经过在北京的一番打听,朱秋生才明白过来了,这几个月曹杰一直拿不出车来是因为他根本就没有真正计划买那批车,而他在宣传单中声称的银行按揭贷款也纯属虚构。朱秋生彻底失望了,这时他的最大愿望就是找到蓝盾公司的总经理曹杰,退回自己的钱。于是他开始不停地给曹杰打电话,可是曹杰总以各种理由敷衍,到后来干脆就不再接朱秋生的电话。
车拿不到手,钱又要不回来,朱秋生这才发觉自己被骗了。2002年10月,在朱秋生寄出买车款的7个月后,朱秋生向牡丹江市爱民区公安分局报了案。公安机关经初步侦查认为,蓝盾公司在没有办理任何购车手续的情况下,虚构买车事实,骗取了朱秋生的购车款10万余元,其行为已经涉嫌诈骗。
2002年11月,蓝盾公司的总经理曹杰被带到了公安机关。办案人员在侦查中还了解到,2001年到2002年期间,曹杰声称自己单身,在北京某婚介所认识了王女士,并向王女士借款100多万元至今未还。而曹杰在2002年7月份的时候,还因为伤害罪被北京市朝阳区法院判处有期徒刑一年,缓期一年执行。此次涉嫌诈骗,正是他在缓刑期间所为。
既然曹杰声称通过银行贷款买车,可他连第一步按揭贷款的手续都没做,以后的事就更是子虚乌有了。2002年12月12日,曹杰因为涉嫌诈骗被检察机关批准逮捕,就在办案人员调查曹杰的账户,准备去退还受害人的钱时,却发现他的账户里几乎是空的。其中牡丹江的公司已经租出去了,而北京蓝盾公司也被曹杰转包给哈尔滨一家公司了。这一消息让受害人朱秋生很是失望,曹杰是被抓了回来,被骗的钱却无法拿回来,看来也只有等待公安机关对曹杰的处理结果了。
几个月后,在家等消息的朱秋生却听说曹杰出来了,一打听才知道曹杰因为种种原因办理了取保候审。

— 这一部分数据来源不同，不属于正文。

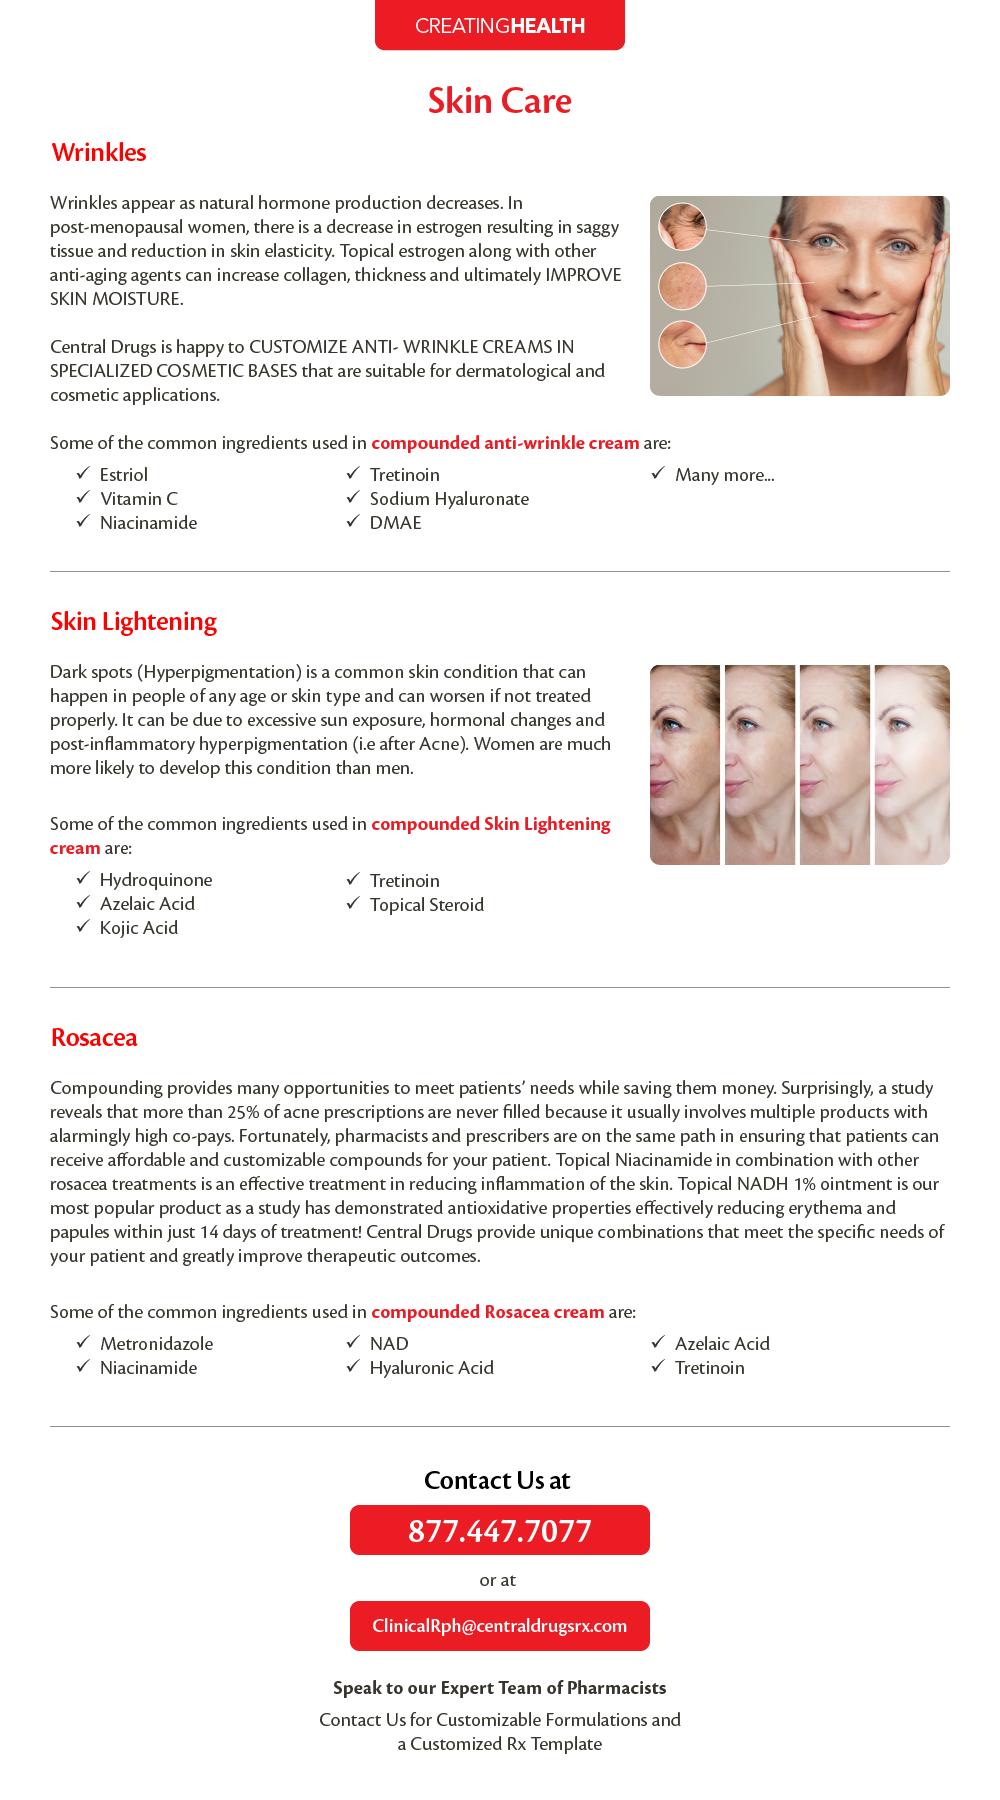 Skin Care info for website.png
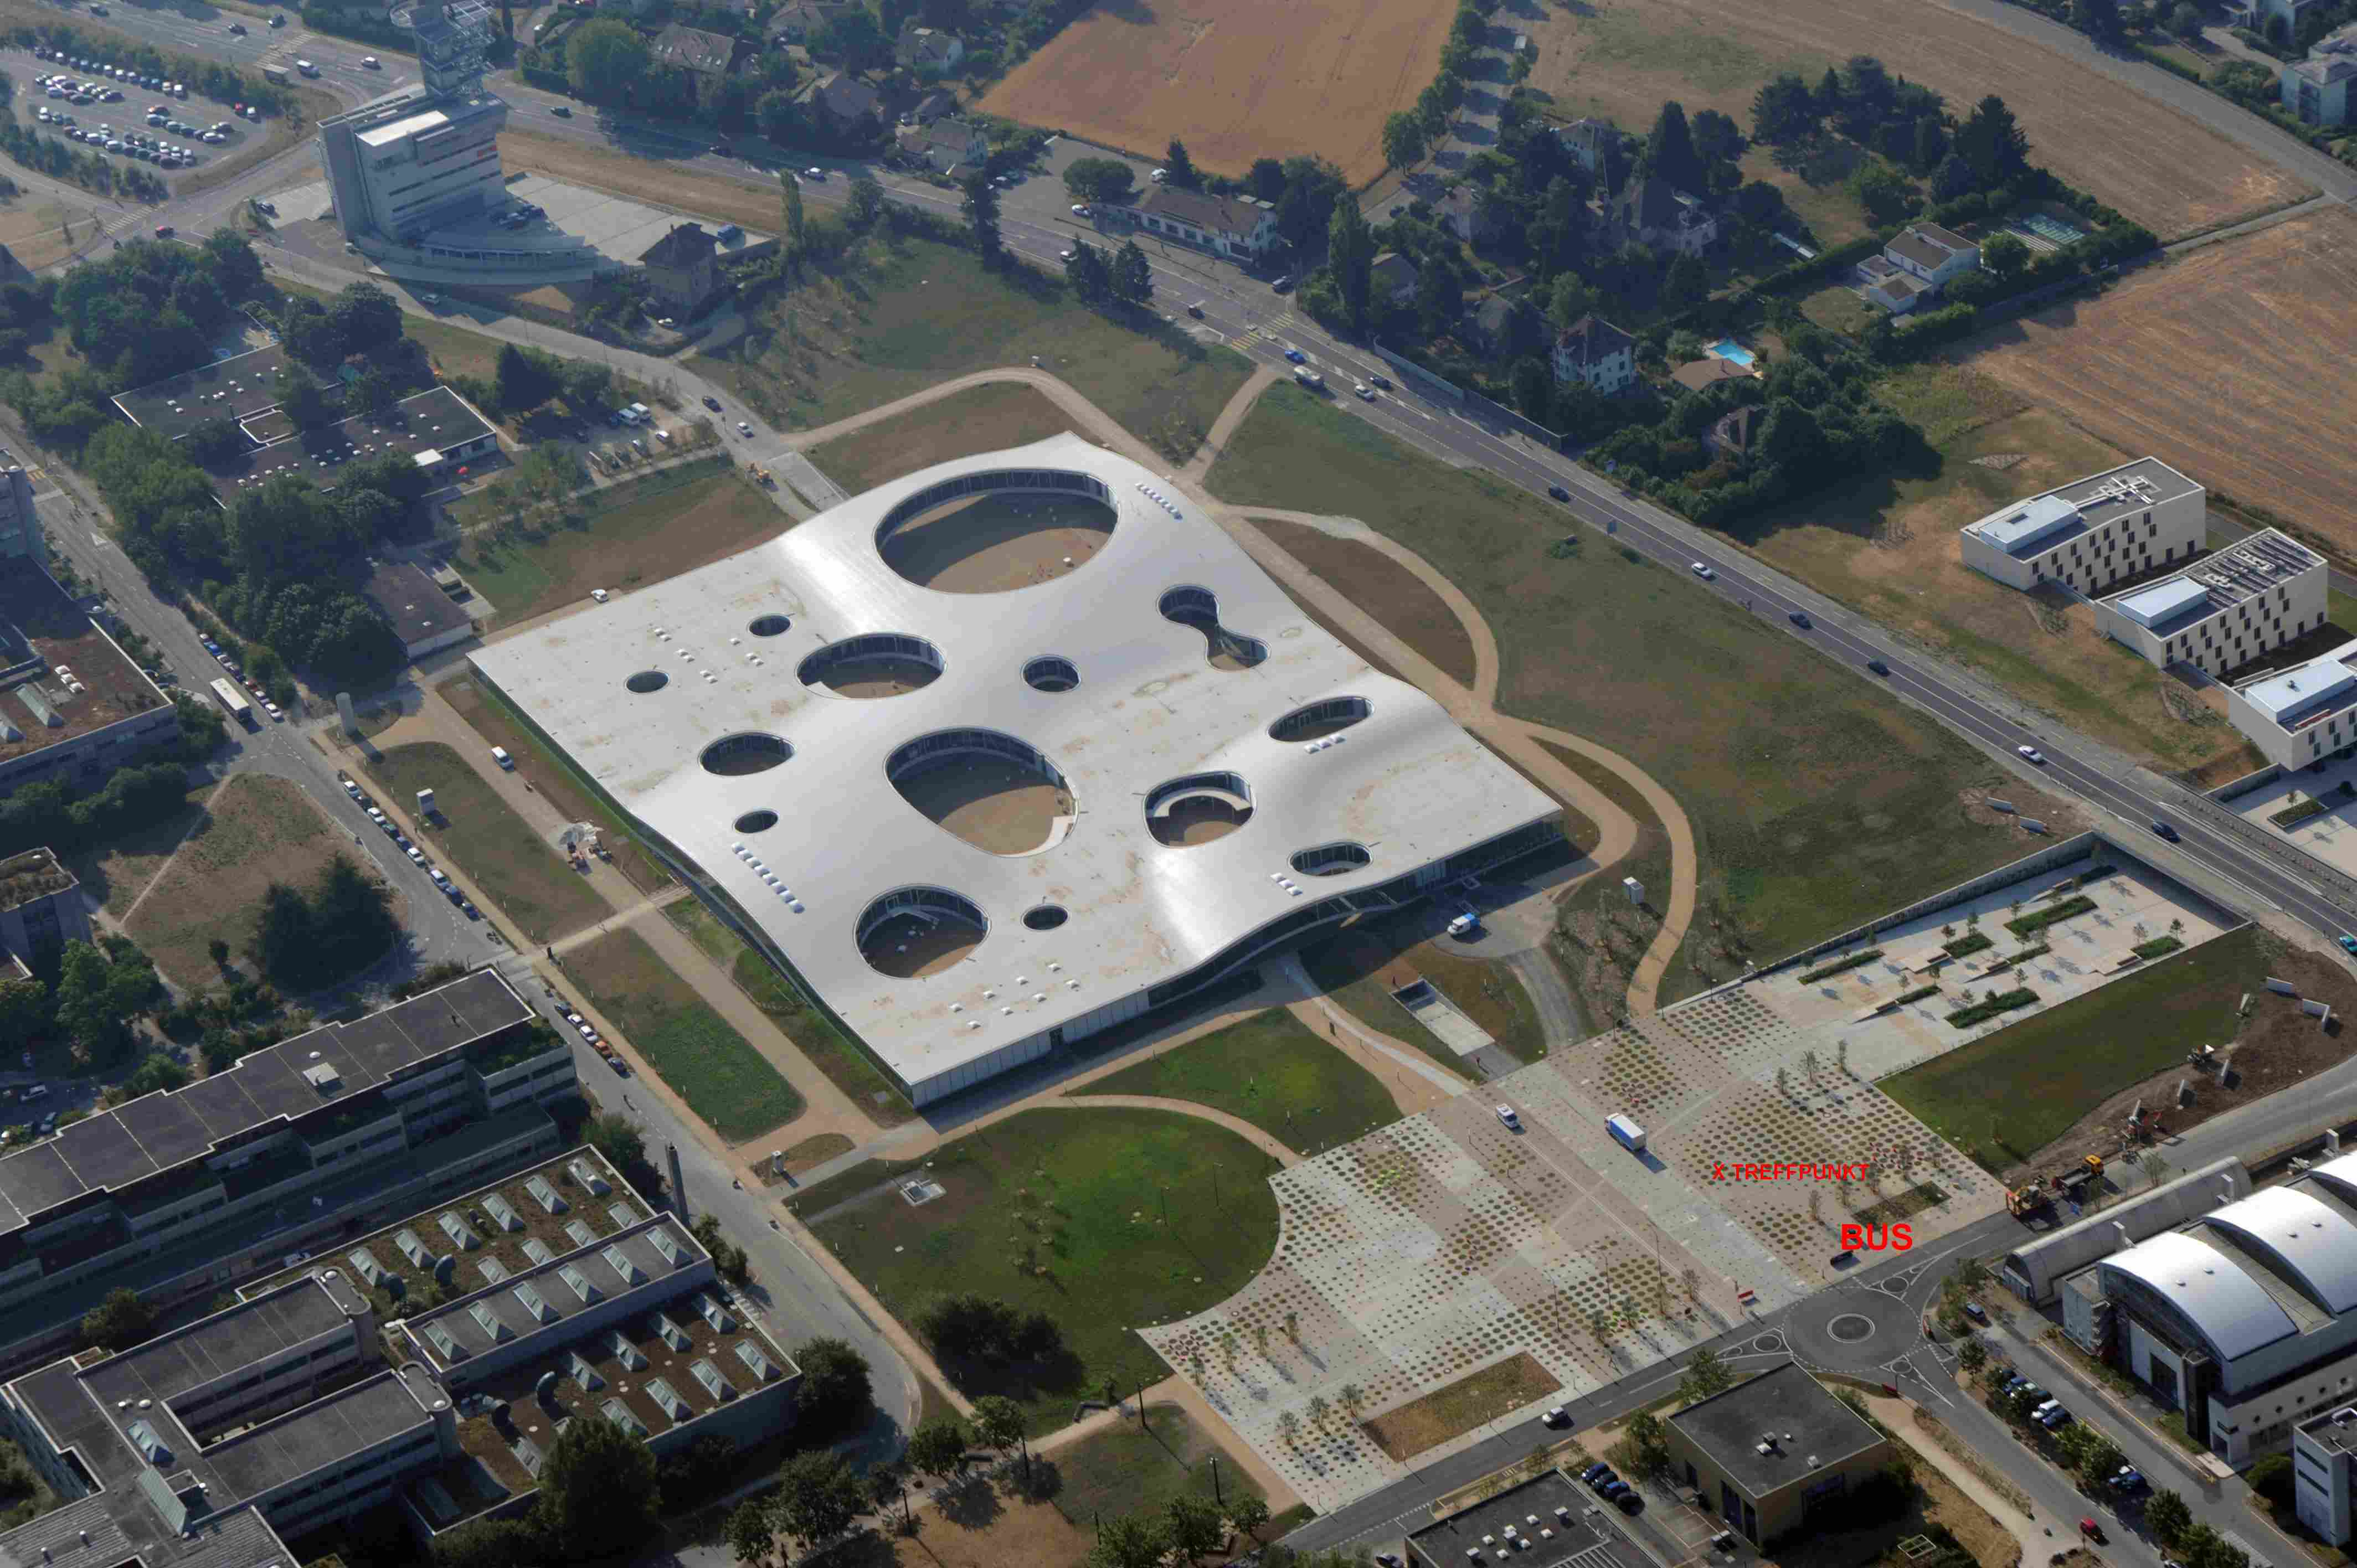 Rolex-learning-center_Treffpunkt-West

曹杰的取保候审让朱秋生很是担心,本来自己被骗的钱就很难要回来,这人一出来钱不就更难要了。而按照取保候审的有关规定,被取保候审的犯罪嫌疑人未经批准不得离开经常活动的固定地点,并且在被传讯的时候及时到案。那么朱秋生的担心是不是多余,曹杰在办理了取保候审手续后是否遵守了这些规定呢?
据公安人员说,有几次他们找曹杰核实案件,可打电话再也找不着他了,而家里人也和他失去了联系。曹杰的失踪立即给公安机关的调查工作带来了一定的难度,也让朱秋生更加失望和着急。他也开始四处寻找曹杰的下落,然而却像大海捞针,看来想要回被骗的钱真是希望渺茫了。更让他想不明白的是,像曹杰这样本来就在缓刑期间又涉嫌犯罪的人可不可以办理取保候审呢?
曹杰失踪后,公安机关迅速通过各种方式寻找他的下落,但都没有结果。去年10月,在曹杰失踪半年后,公安机关在网上公布了他的在逃信息。通过全国公安机关协助追查,今年6月初,曹杰在北京被抓获,目前公安机关正申请检察院对曹杰提起公诉。
主持人:公司负债累累,本人缓刑期而且还号称自己未婚,骗了北京的一个女的100多万,又印一个莫名其妙的小广告开始诈骗。从法定的意义上来讲,您觉得他这种行为是不是构成诈骗?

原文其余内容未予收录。